RECORD SET:
━━━━

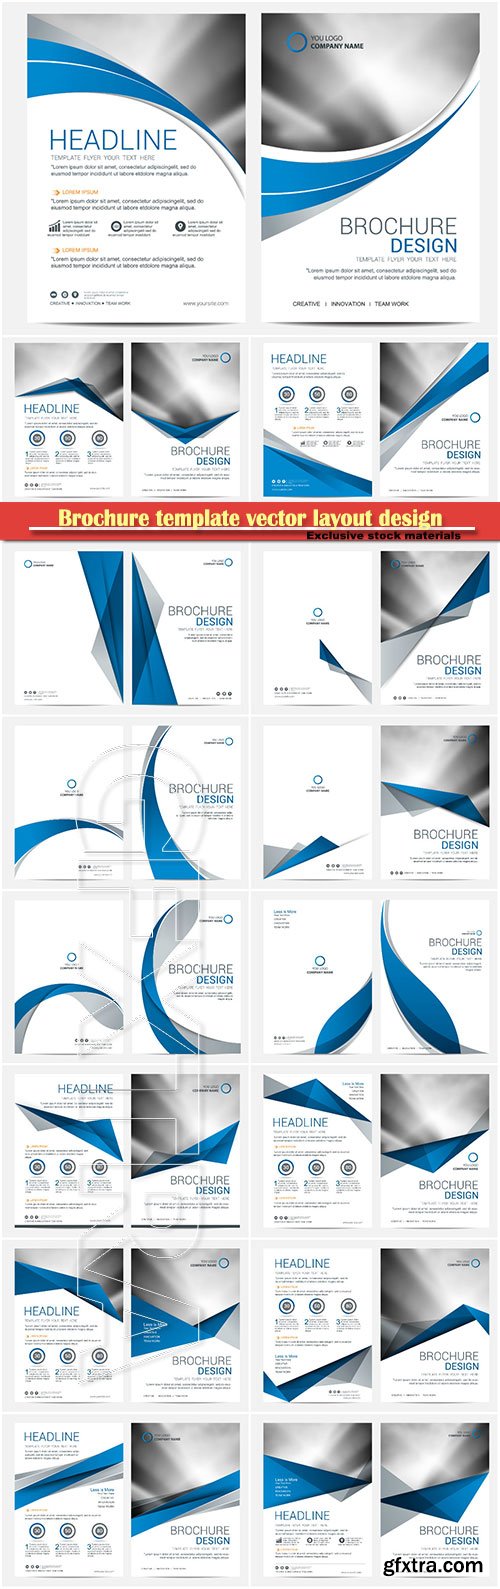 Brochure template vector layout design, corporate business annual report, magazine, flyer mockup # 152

━━━━

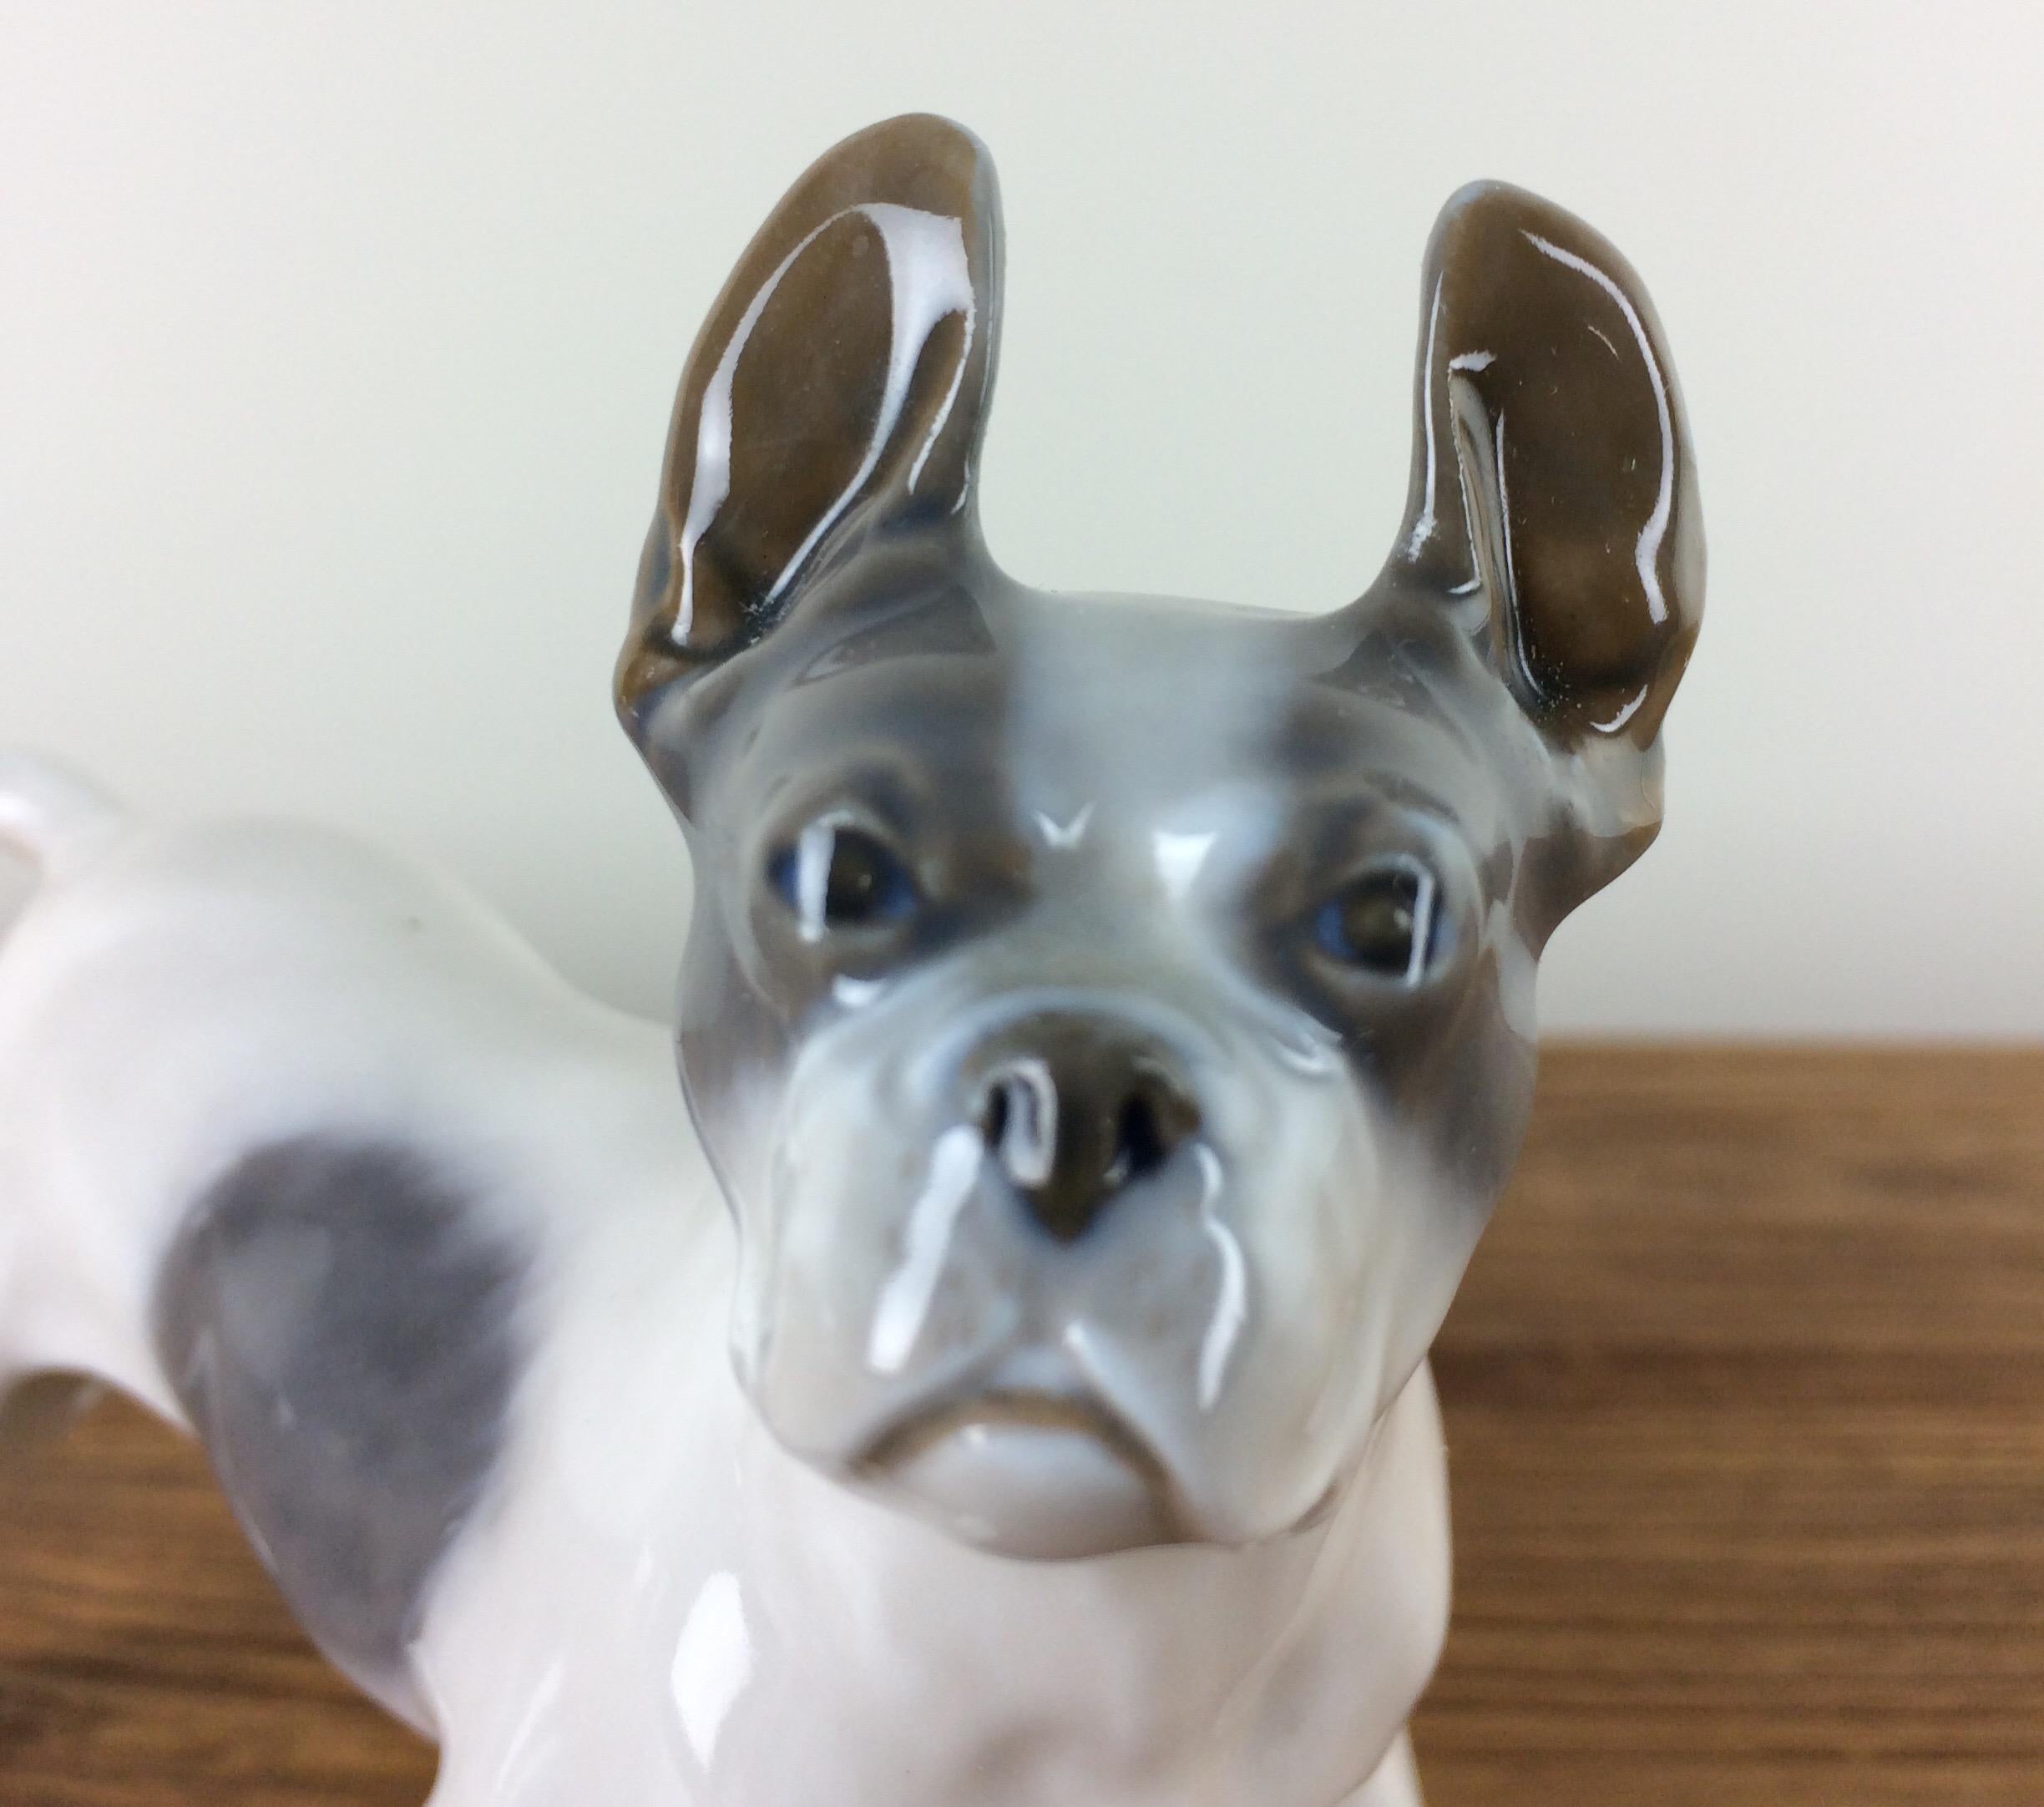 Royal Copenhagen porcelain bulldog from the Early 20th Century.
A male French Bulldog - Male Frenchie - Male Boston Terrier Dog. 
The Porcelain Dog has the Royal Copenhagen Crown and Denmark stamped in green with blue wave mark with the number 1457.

━━━━

ACTIVITY: For this exercise, transcribe exactly the part of the records above that opens with the line containing "Royal Copenhagen porcelain" and closes with the one containing "The Porcelain Dog". Pictures are not part of the copy.

SOLUTION BELOW:
 Royal Copenhagen porcelain bulldog from the Early 20th Century.
A male French Bulldog - Male Frenchie - Male Boston Terrier Dog. 
The Porcelain Dog has the Royal Copenhagen Crown and Denmark stamped in green with blue wave mark with the number 1457.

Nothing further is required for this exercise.